The simplest way to get started. Create a client with your API key and make a chat completion request. The response follows the OpenAI format — your answer is in choices[0].message.content.

import Lunos from "@lunos/sdk";

const client = new Lunos({
  apiKey: process.env.LUNOS_API_KEY,
});

const completion = await client.chat.completions.create({
  model: "openai/gpt-4o",
  messages: [{ role: "user", content: "Hello!" }],
});

console.log(completion.choices[0].message.content);

Configuration

All options are optional except apiKey. The SDK reads LUNOS_API_KEY and LUNOS_BASE_URL from environment variables automatically, so you can often instantiate with just new Lunos().

Option	Default	Description
`apiKey`	`env.LUNOS_API_KEY`	Your Lunos secret key
`baseURL`	`https://api.lunos.tech`	API base URL
`appId`	—	Identifies your app in Lunos analytics dashboard
`timeout`	`60000`	Request timeout in milliseconds
`maxRetries`	`2`	Auto-retry count for transient failures
`defaultHeaders`	—	Extra headers sent with every request
`fetch`	`globalThis.fetch`	Custom fetch implementation

const client = new Lunos({
  apiKey: "sk-...",
  appId: "my-service-v1",  // Shows up in your Lunos usage analytics
  timeout: 30_000,         // 30 second timeout
  maxRetries: 3,           // Retry up to 3 times on 429/5xx
});

Usage

Chat completions

Send a conversation (array of messages) to a model and get a response. Each message has a role (system, user, or assistant) and content. The system message sets the AI's behavior, user messages are your input, and assistant messages are prior AI responses for multi-turn context.

const response = await client.chat.completions.create({
  model: "openai/gpt-4o",
  messages: [
    { role: "system", content: "You are a helpful assistant." },
    { role: "user", content: "Explain quantum computing in one sentence." },
  ],
  temperature: 0.7,  // Controls randomness (0 = deterministic, 2 = very random)
  max_tokens: 256,   // Limits response length
});

Streaming

For real-time output (like a chatbot typing), set stream: true. Instead of waiting for the full response, you receive chunks as they're generated. Each chunk contains a delta with partial content.
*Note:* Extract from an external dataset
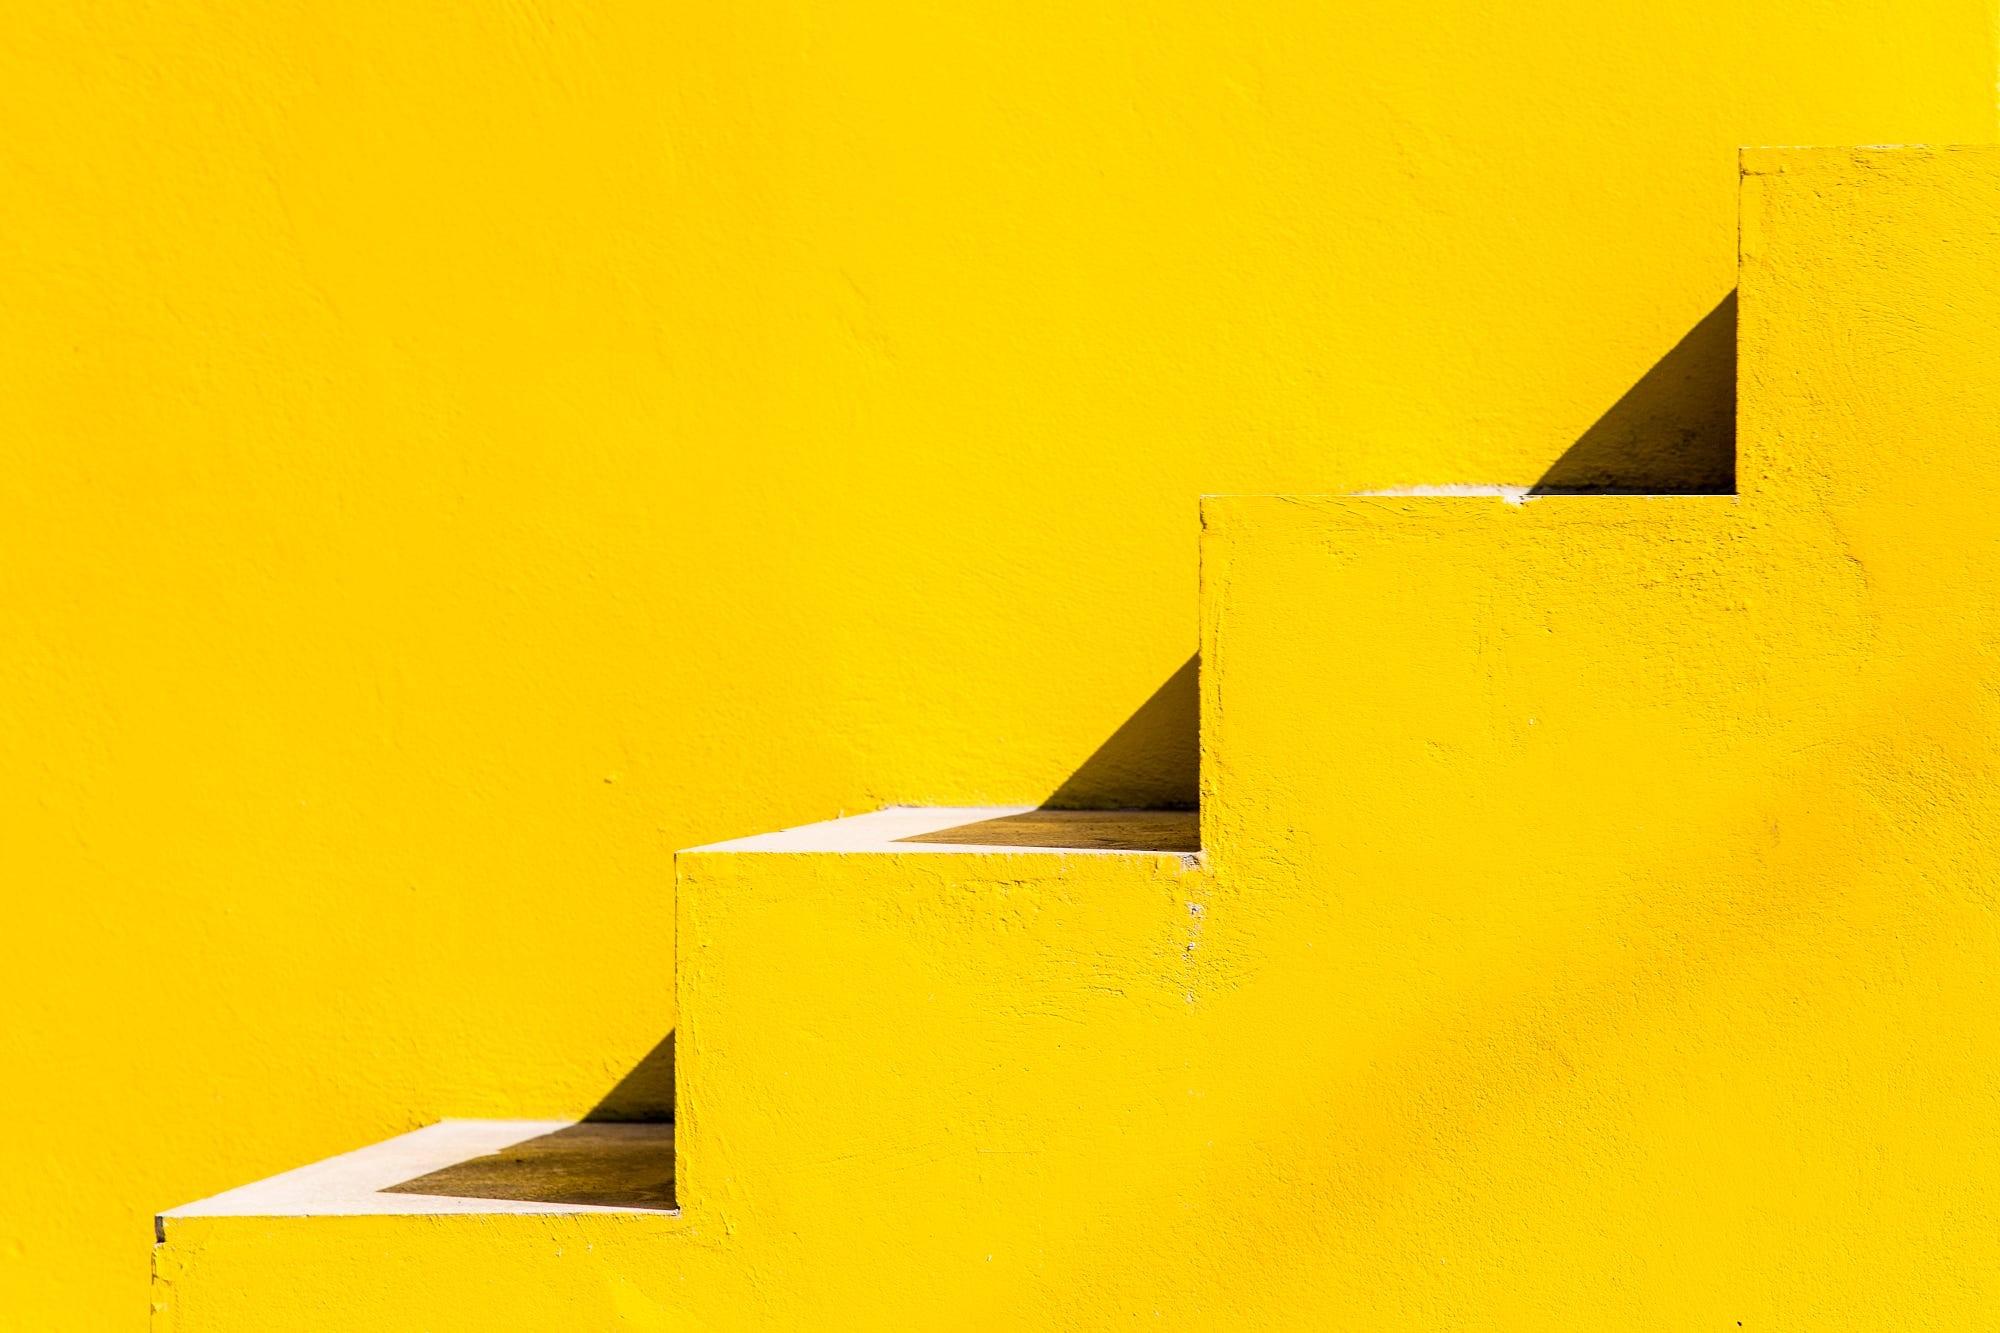 General 2000x1333 angle texture geometry yellow minimalism Cuba Havana shadow stairs yellow background bright

const stream = await client.chat.completions.create({
  model: "openai/gpt-4o",
  messages: [{ role: "user", content: "Write a haiku about code" }],
  stream: true,
});

// Iterate over chunks as they arrive from the model
for await (const chunk of stream) {
  const text = chunk.choices[0]?.delta?.content ?? "";
  process.stdout.write(text); // Print each token immediately
}

Multimodal (vision)

Some models can understand images. Pass content as an array of parts — mix text and image URLs. The model will analyze the image and respond based on your text prompt.

const response = await client.chat.completions.create({
  model: "openai/gpt-4o",
  messages: [
    {
      role: "user",
      content: [
        { type: "text", text: "What's in this image?" },
        {
          type: "image_url",
          image_url: { url: "https://example.com/photo.jpg" },
        },
      ],
    },
  ],
});

Structured outputs

When you need the model to return data in a specific JSON shape (for database writes, form filling, or API responses), provide a JSON Schema. The model's output will strictly conform to your schema — no parsing surprises.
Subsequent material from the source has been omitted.